* _Exercise brief_:
Return the listing exactly, please; no pictures.

* _Dataset section_:

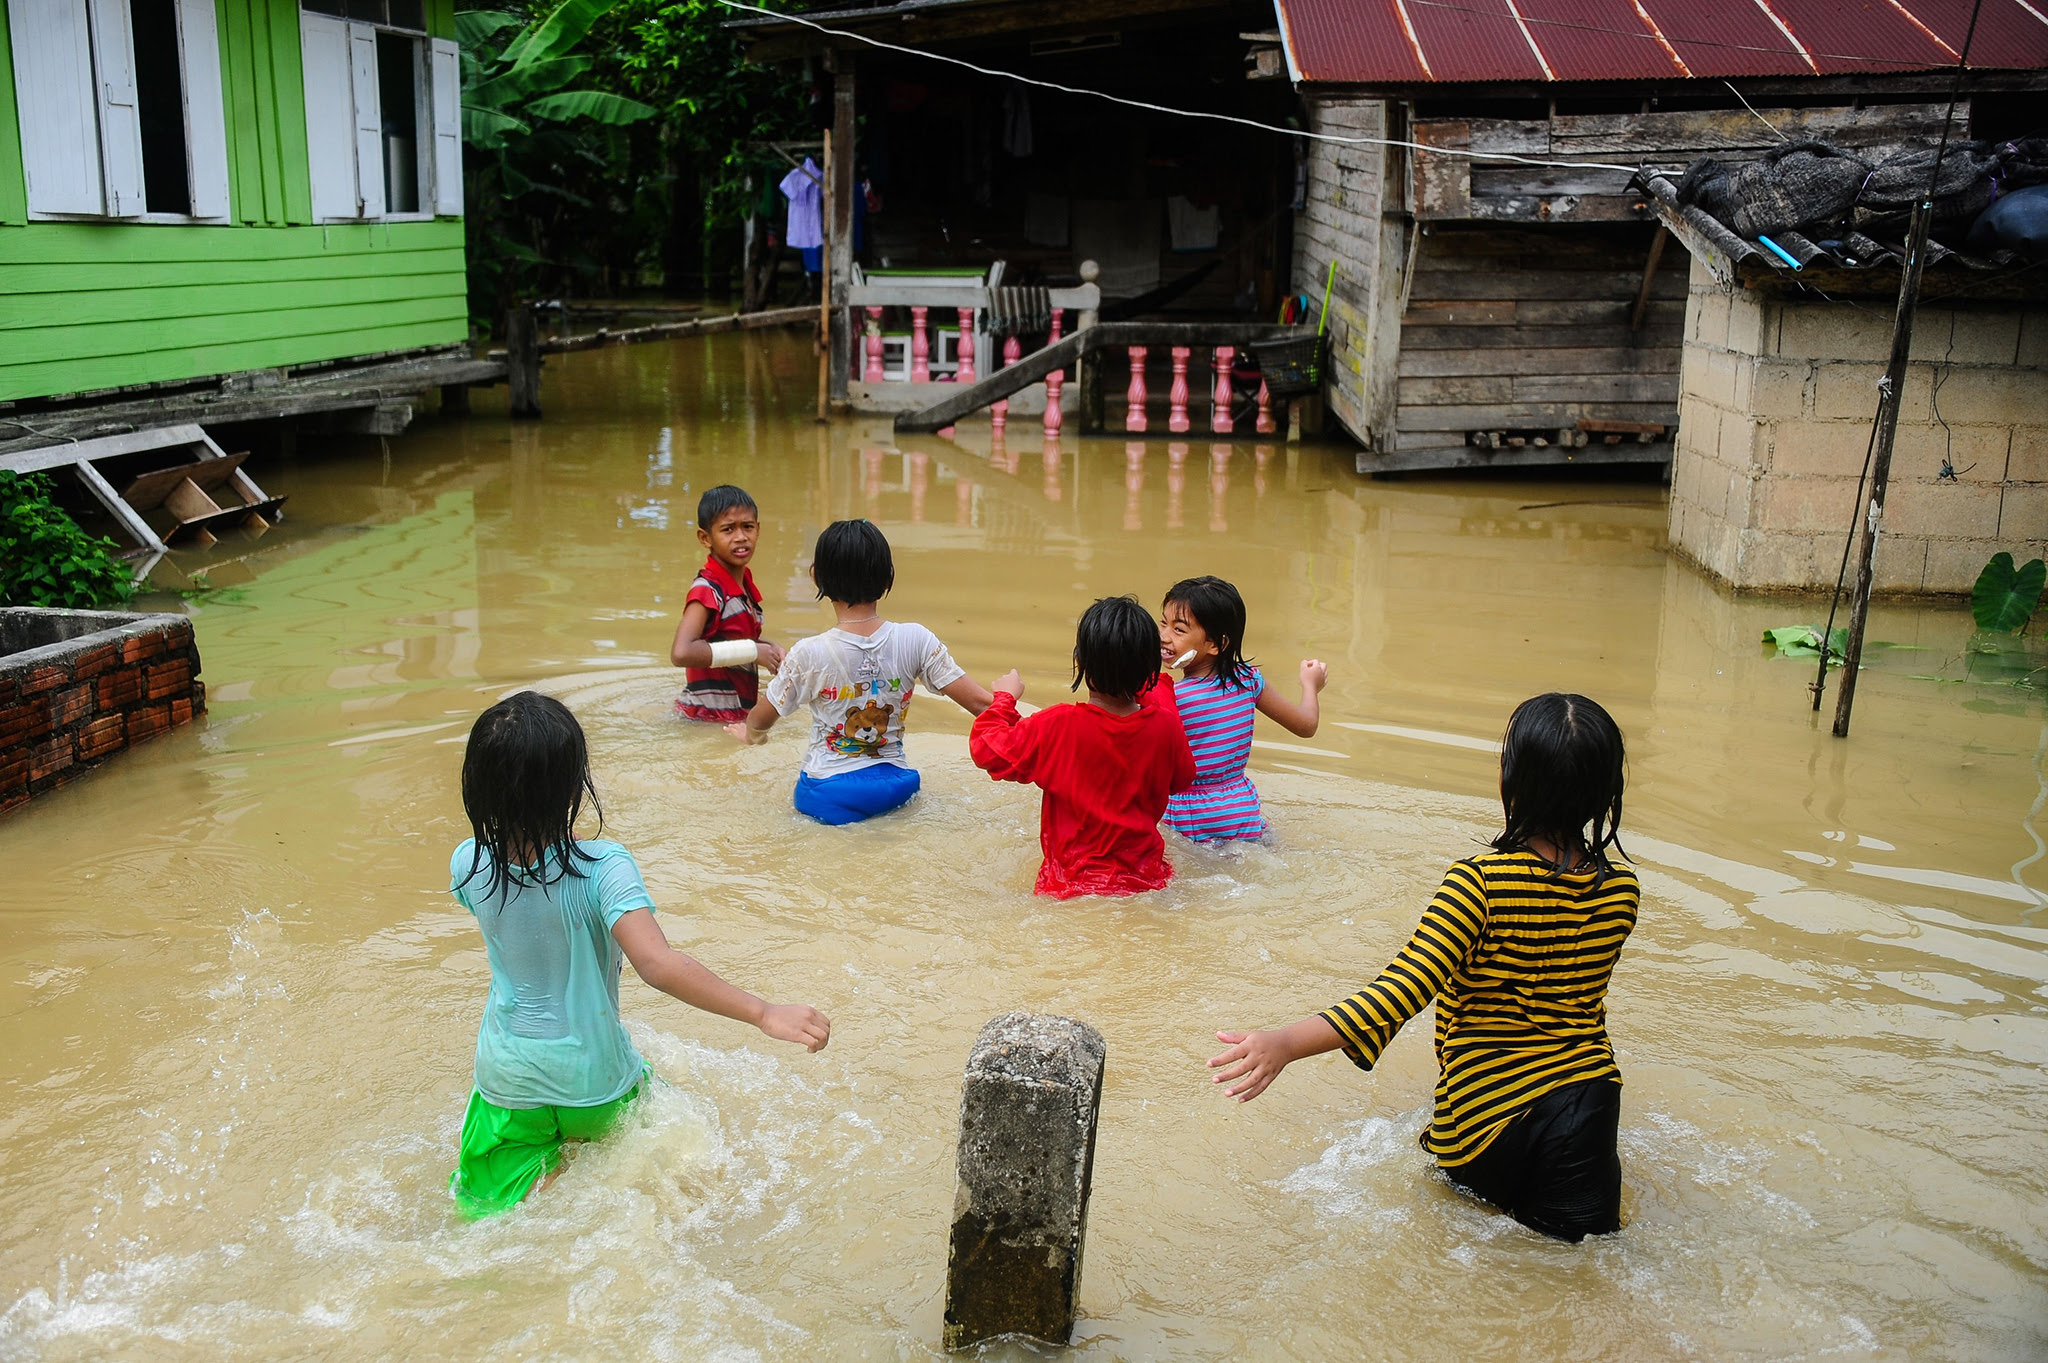 Children play near houses inundated by floodwaters after heavy rains in the Rangae district of the southern province of Narathiwat on December 21, 2016. / AFP PHOTO / MADAREE TOHLALAMADAREE TOHLALA/AFP/Getty Images
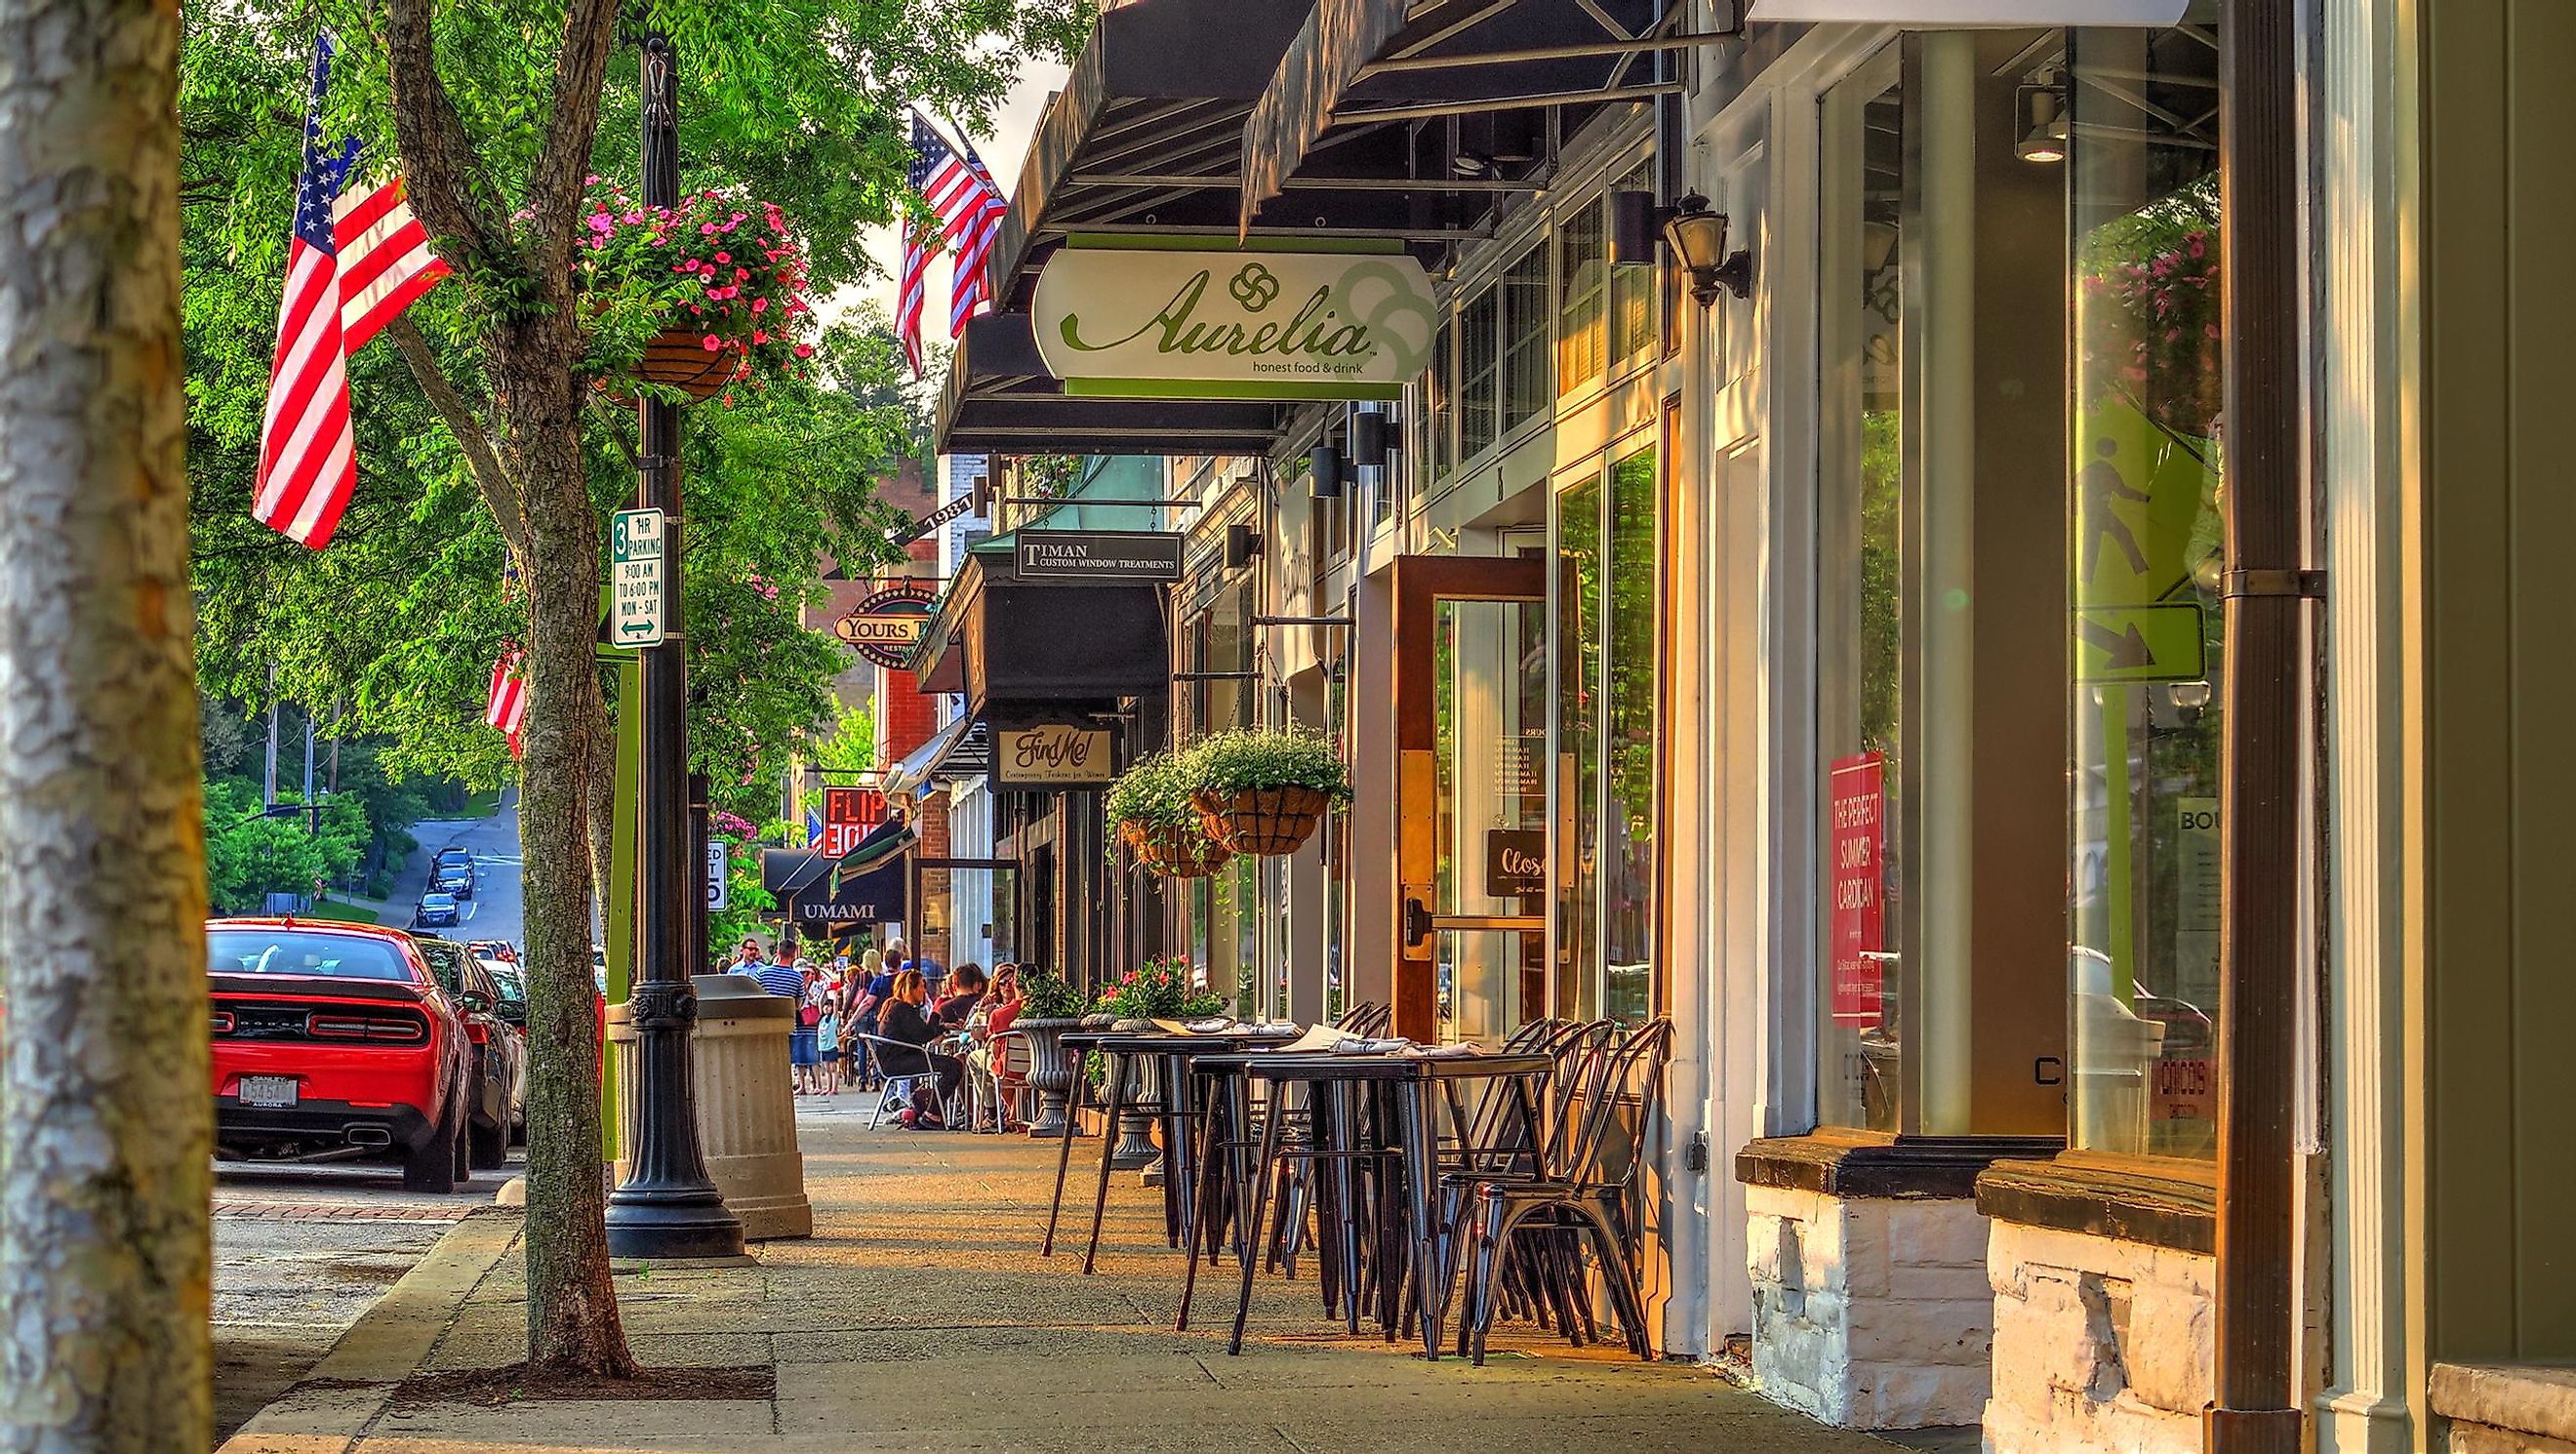 Summer Late Afternoon Warm Sunny Scene of Sidewalk and Shops on Main Street in the Business District of Historical Downtown Chagrin Falls, Ohio
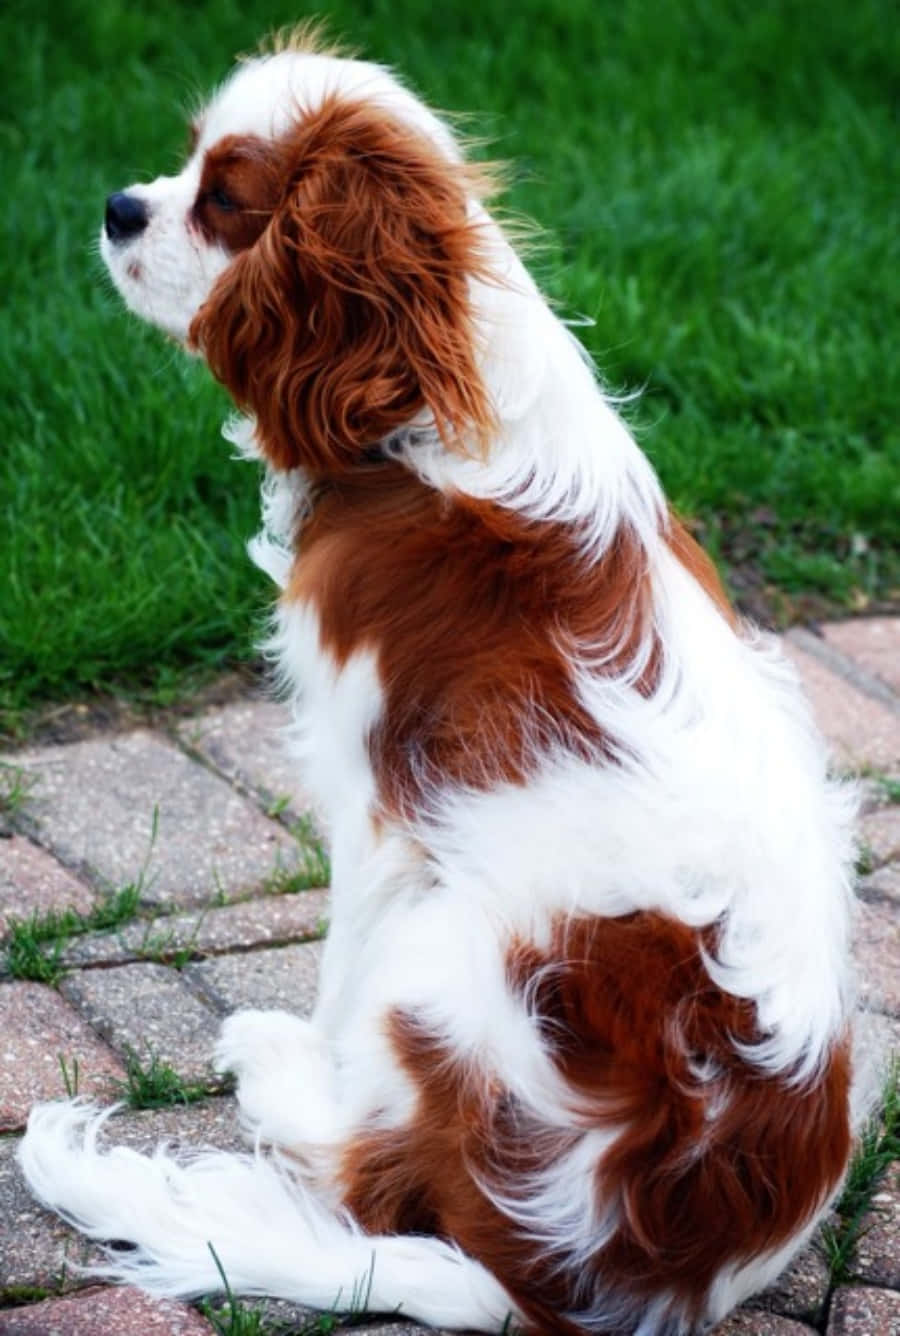 Immaginedel Cane Cavalier King Charles Spaniel

* _Answer section_:
 Children play near houses inundated by floodwaters after heavy rains in the Rangae district of the southern province of Narathiwat on December 21, 2016. / AFP PHOTO / MADAREE TOHLALAMADAREE TOHLALA/AFP/Getty Images
 Summer Late Afternoon Warm Sunny Scene of Sidewalk and Shops on Main Street in the Business District of Historical Downtown Chagrin Falls, Ohio
 Immaginedel Cane Cavalier King Charles Spaniel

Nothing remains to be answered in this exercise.